DATA BELOW -
_ _ _ _
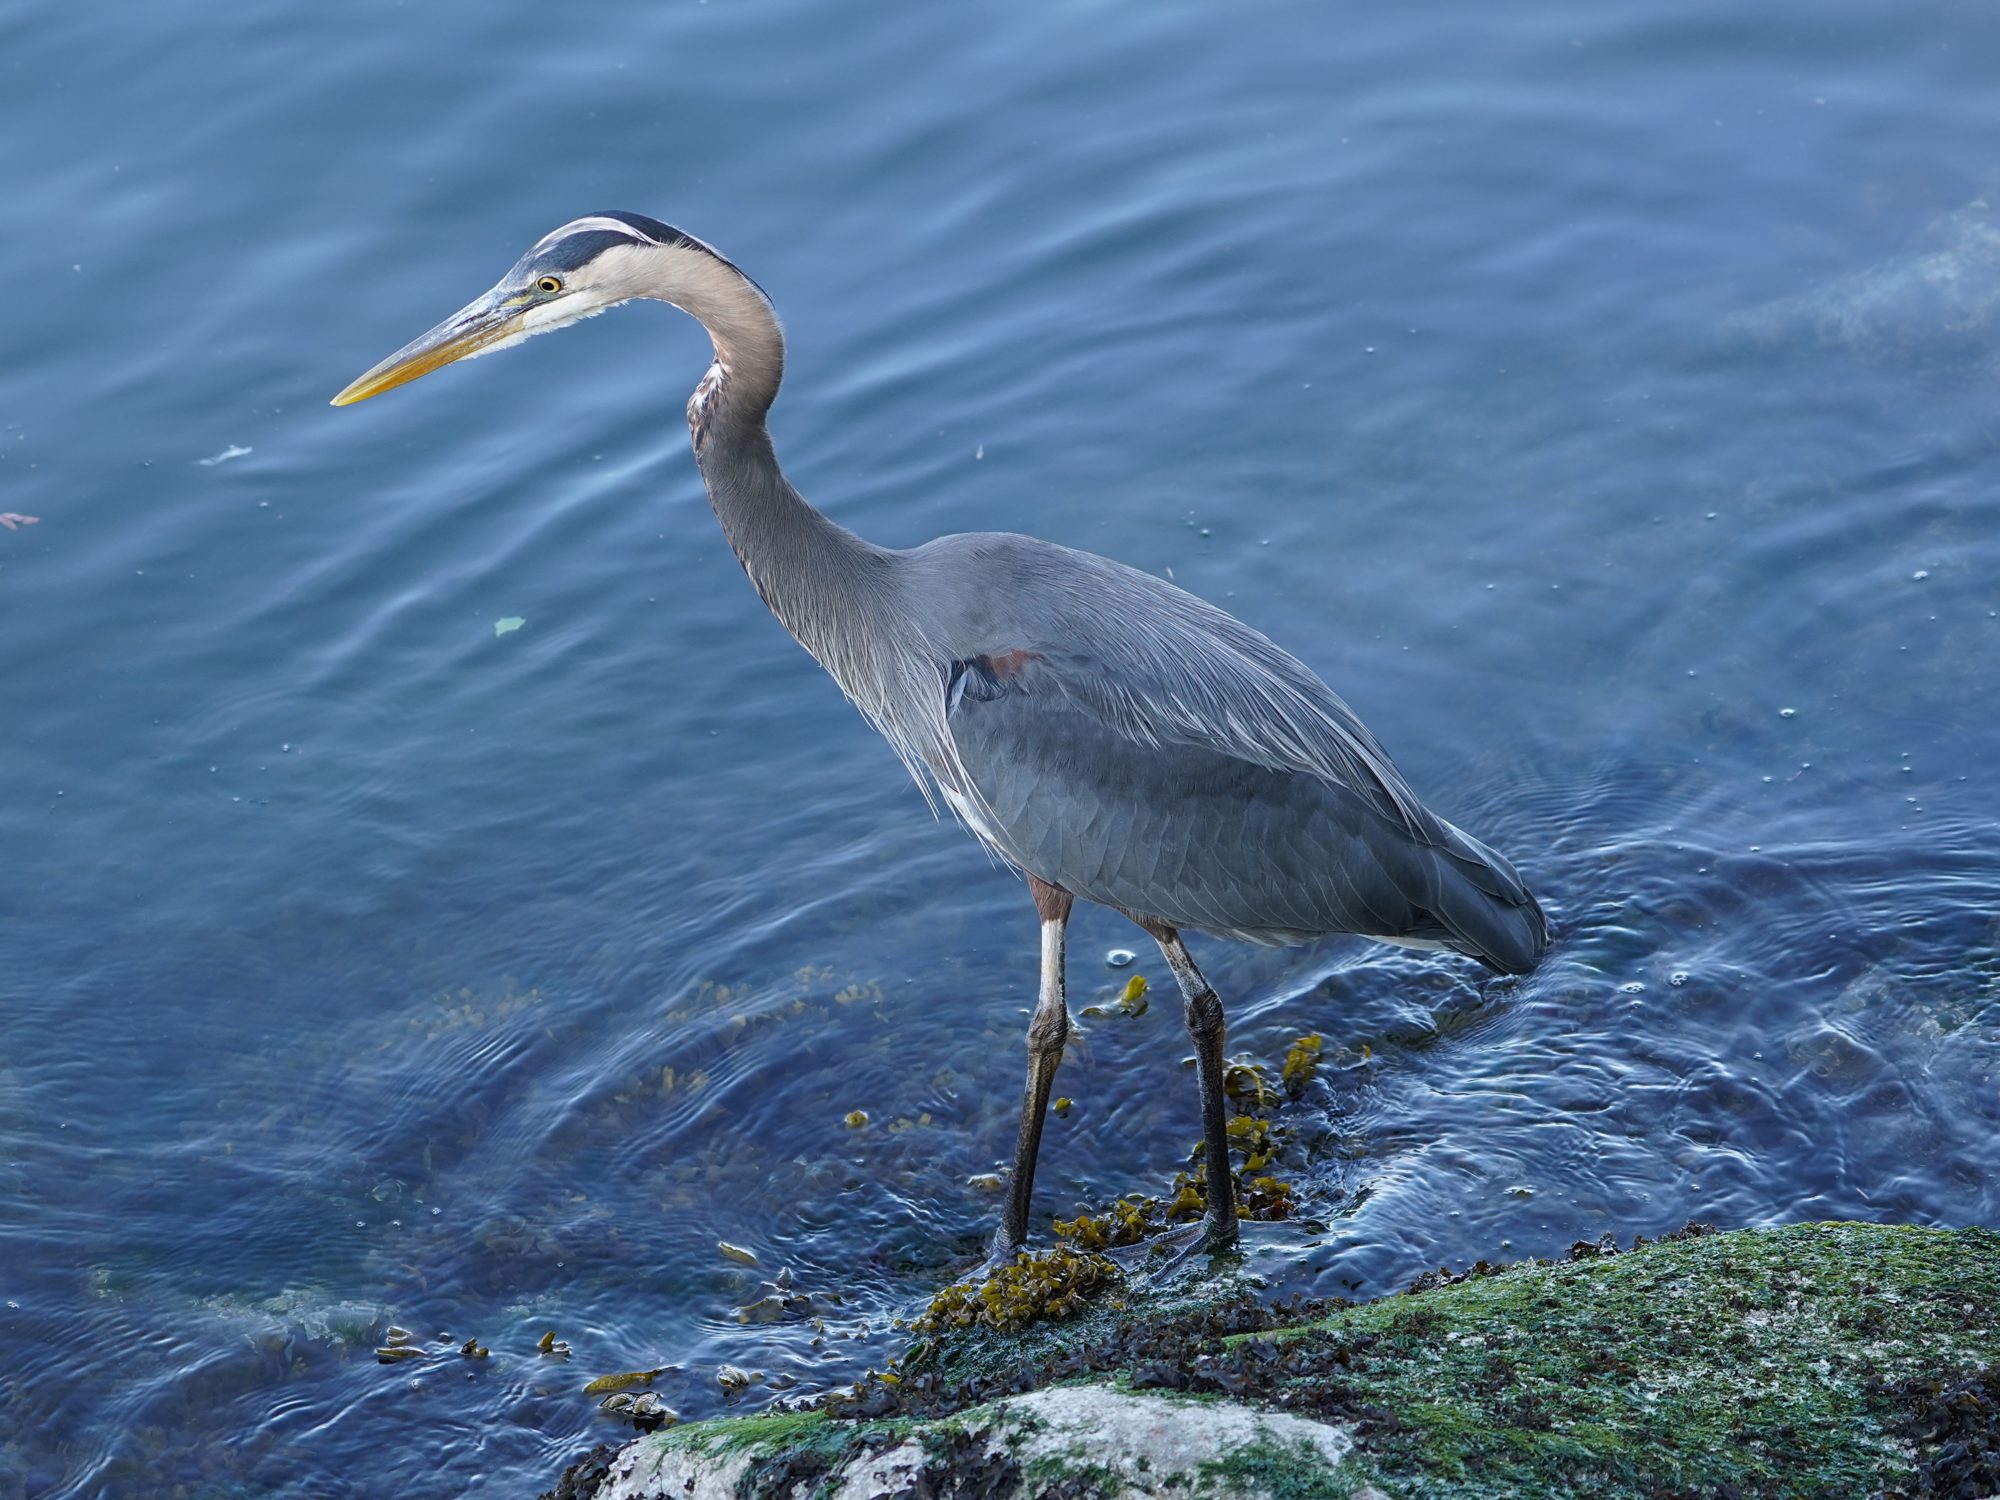 A Great Blue Heron standing in shallow water
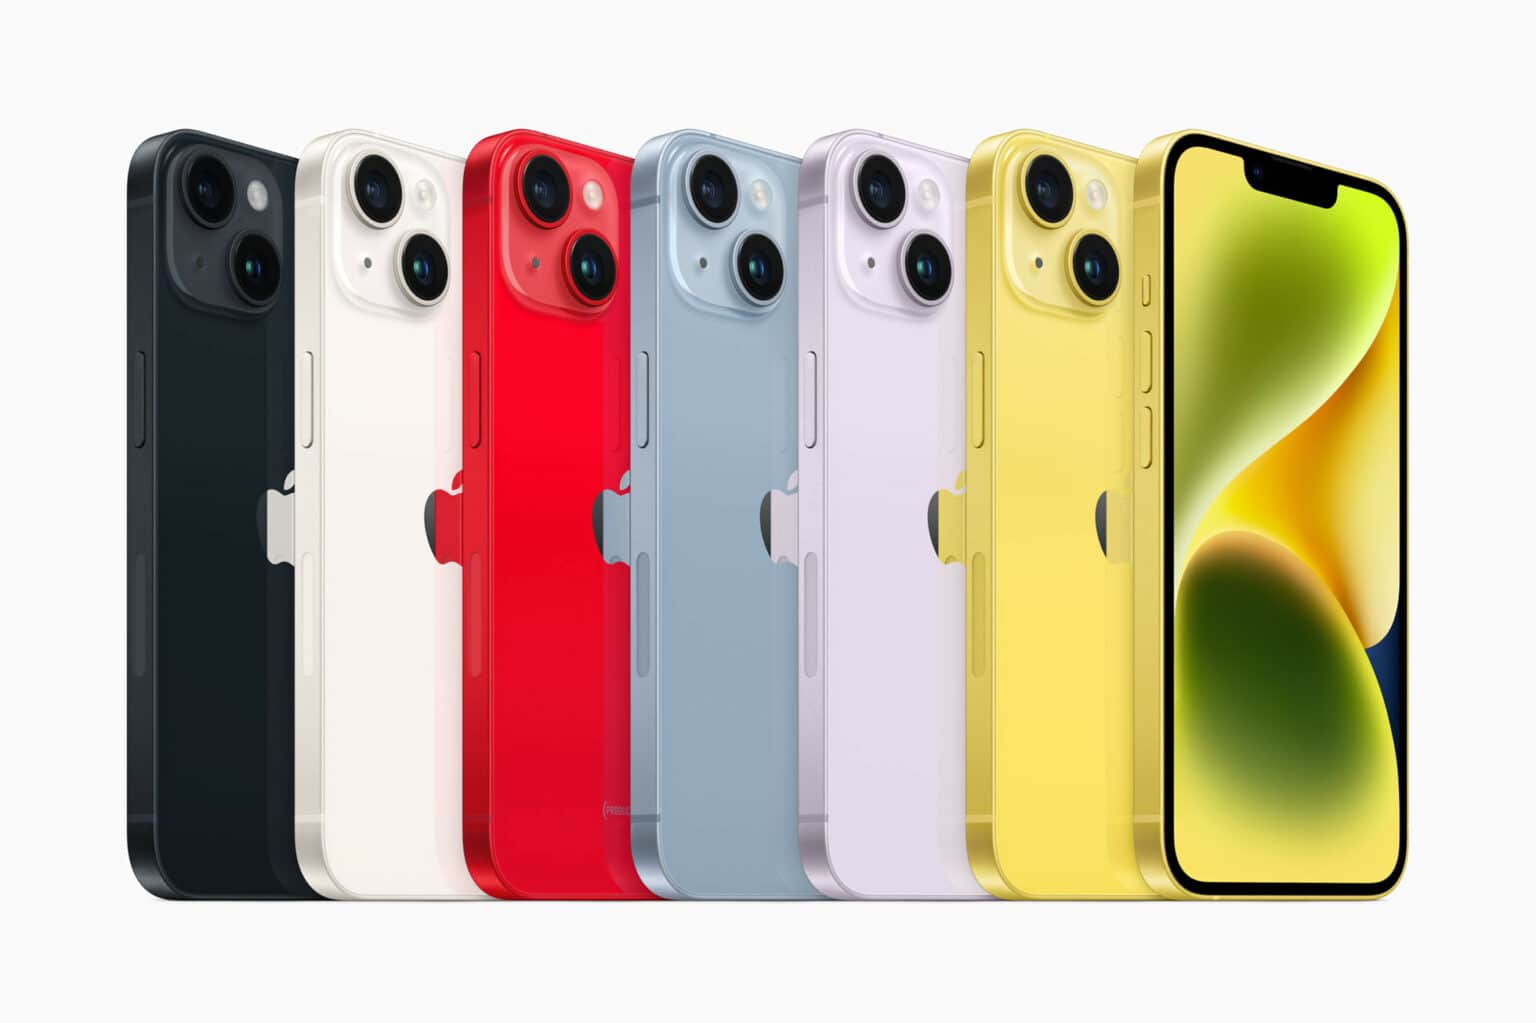 iPhone 14 lineup colors: You can't miss the yellow one on the right. The others are midnight, starlight, Product (Red), blue and purple.
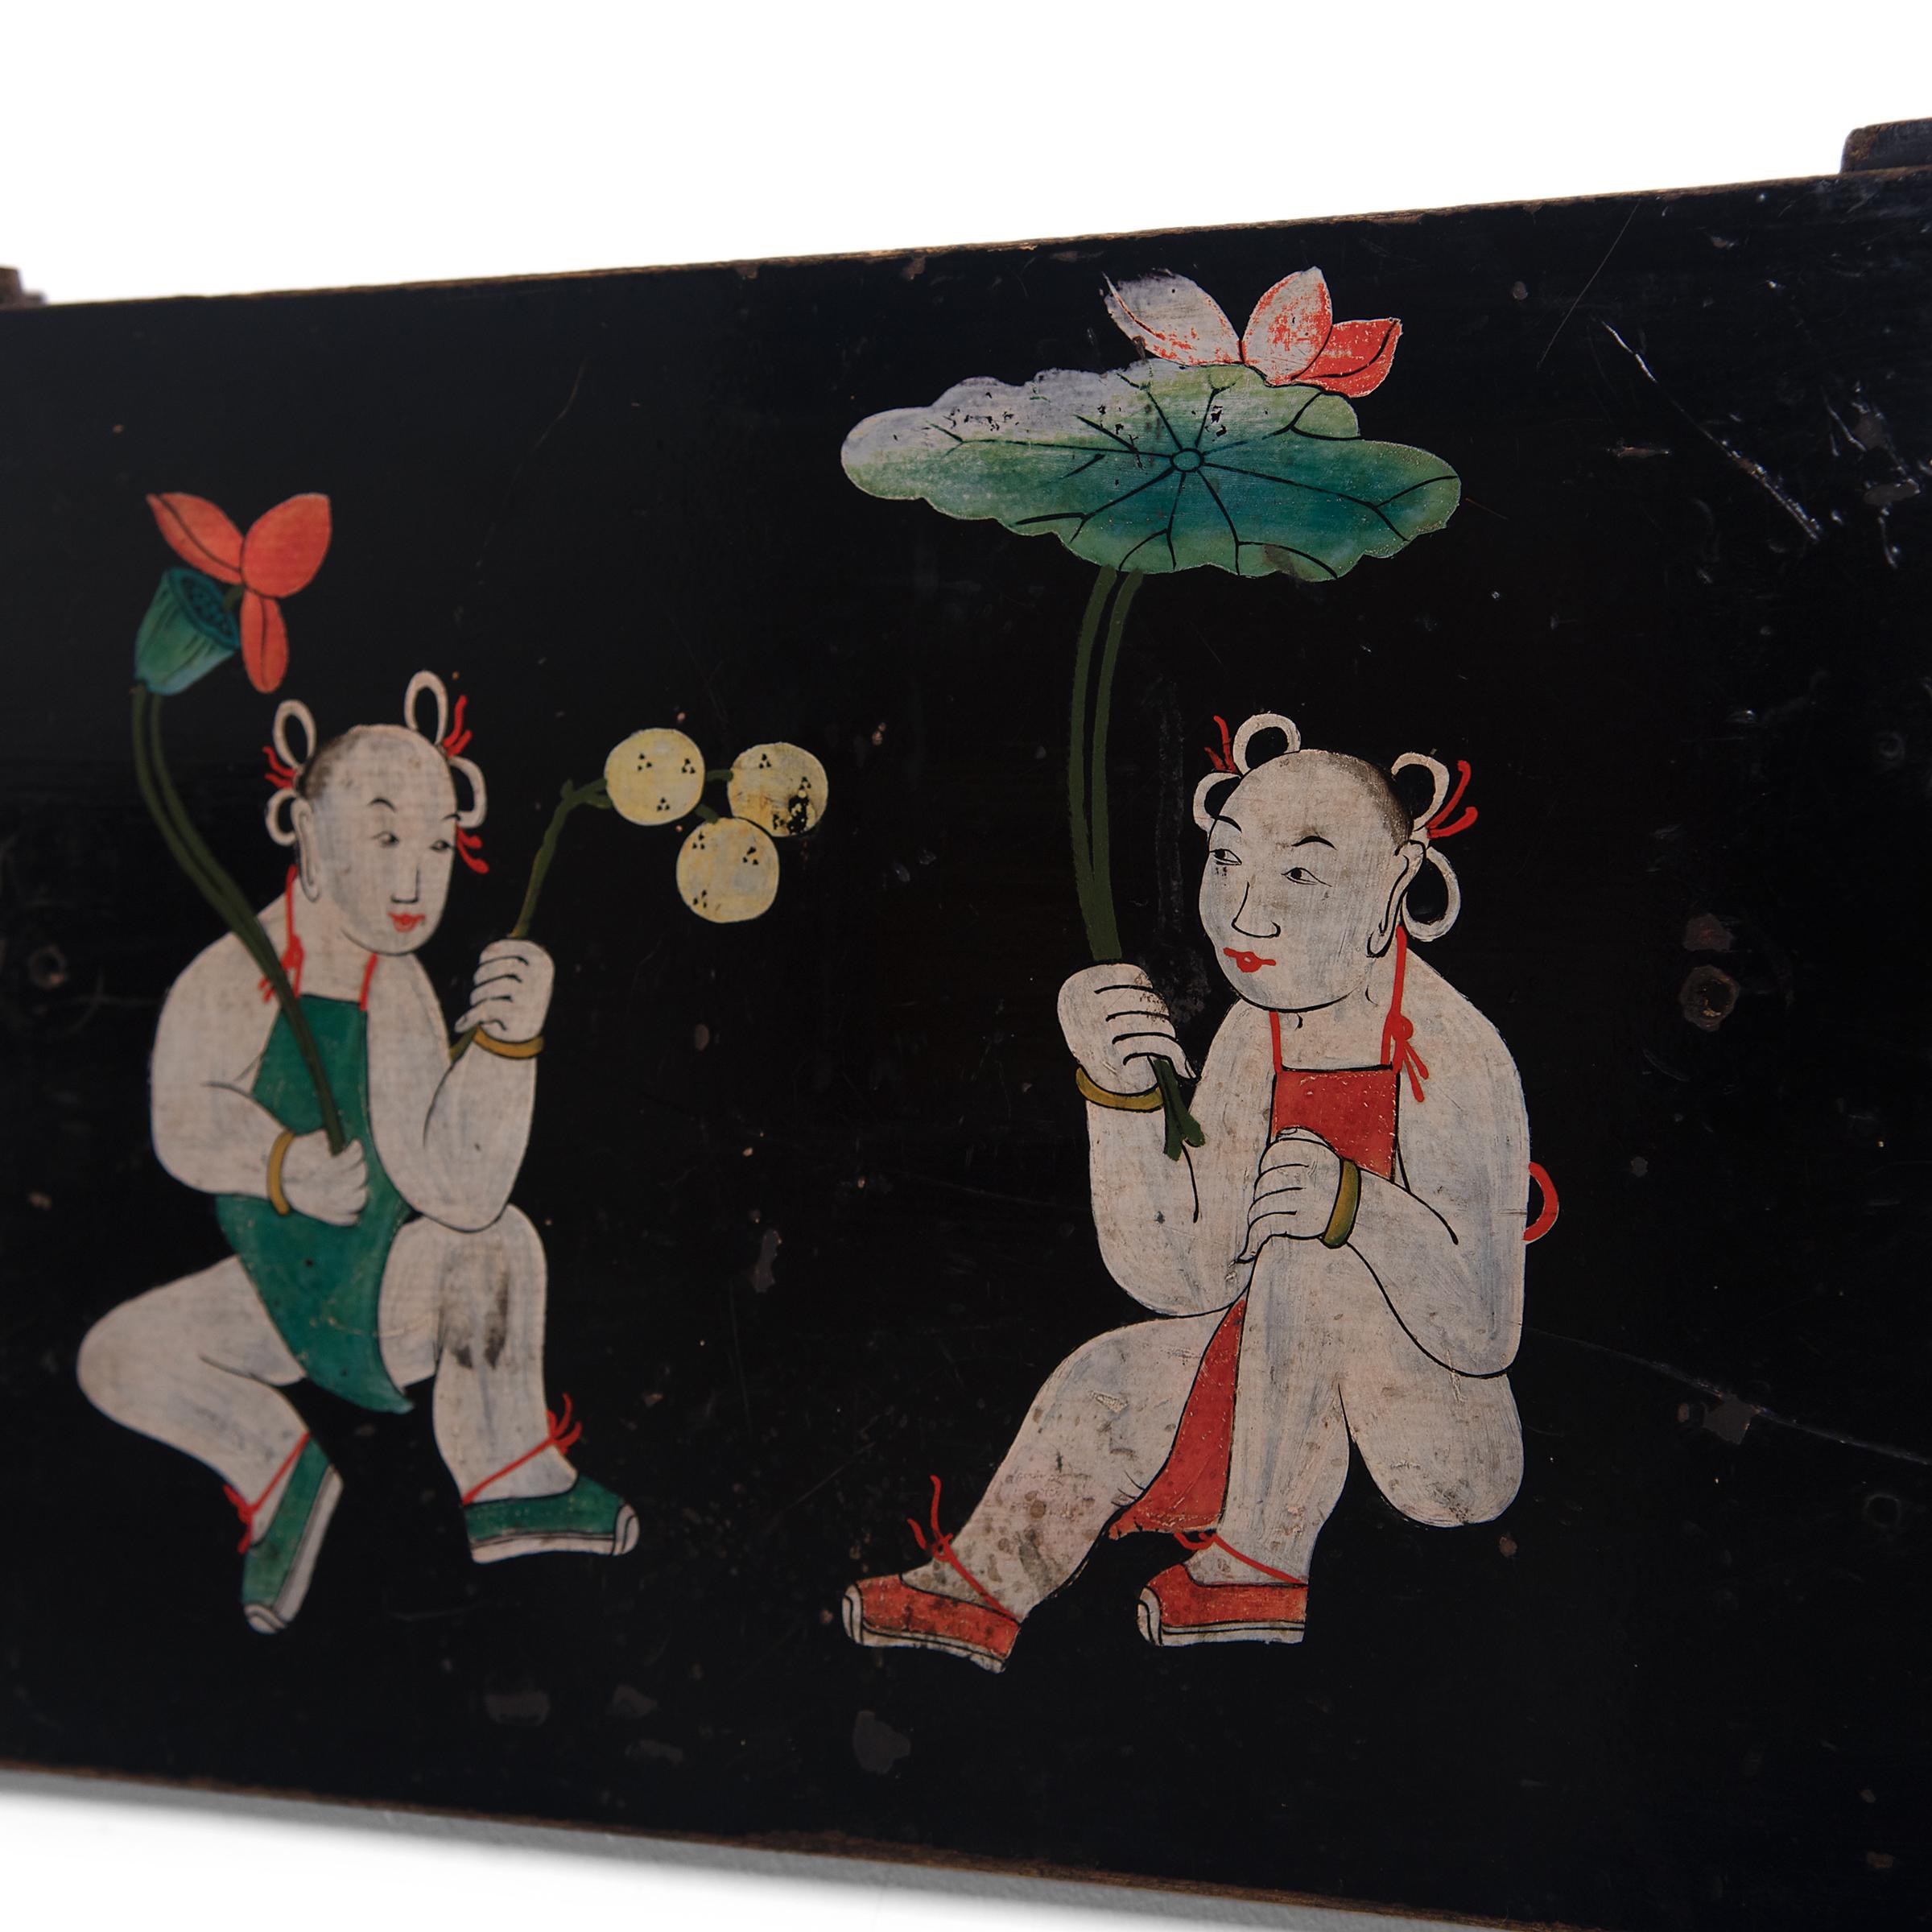 This folk hand painted panel, laden with meaning, was originally an interior painted panel of a large storage cabinet. The panel is painted with a scene of two young boys in traditional aprons, a motif commonly referred to as
_ _ _ _
EXERCISE GOAL -
Return the listing above in full and unaltered. Keep the pictures out.

WORKED SOLUTION -
 A Great Blue Heron standing in shallow water
 iPhone 14 lineup colors: You can't miss the yellow one on the right. The others are midnight, starlight, Product (Red), blue and purple.
 This folk hand painted panel, laden with meaning, was originally an interior painted panel of a large storage cabinet. The panel is painted with a scene of two young boys in traditional aprons, a motif commonly referred to as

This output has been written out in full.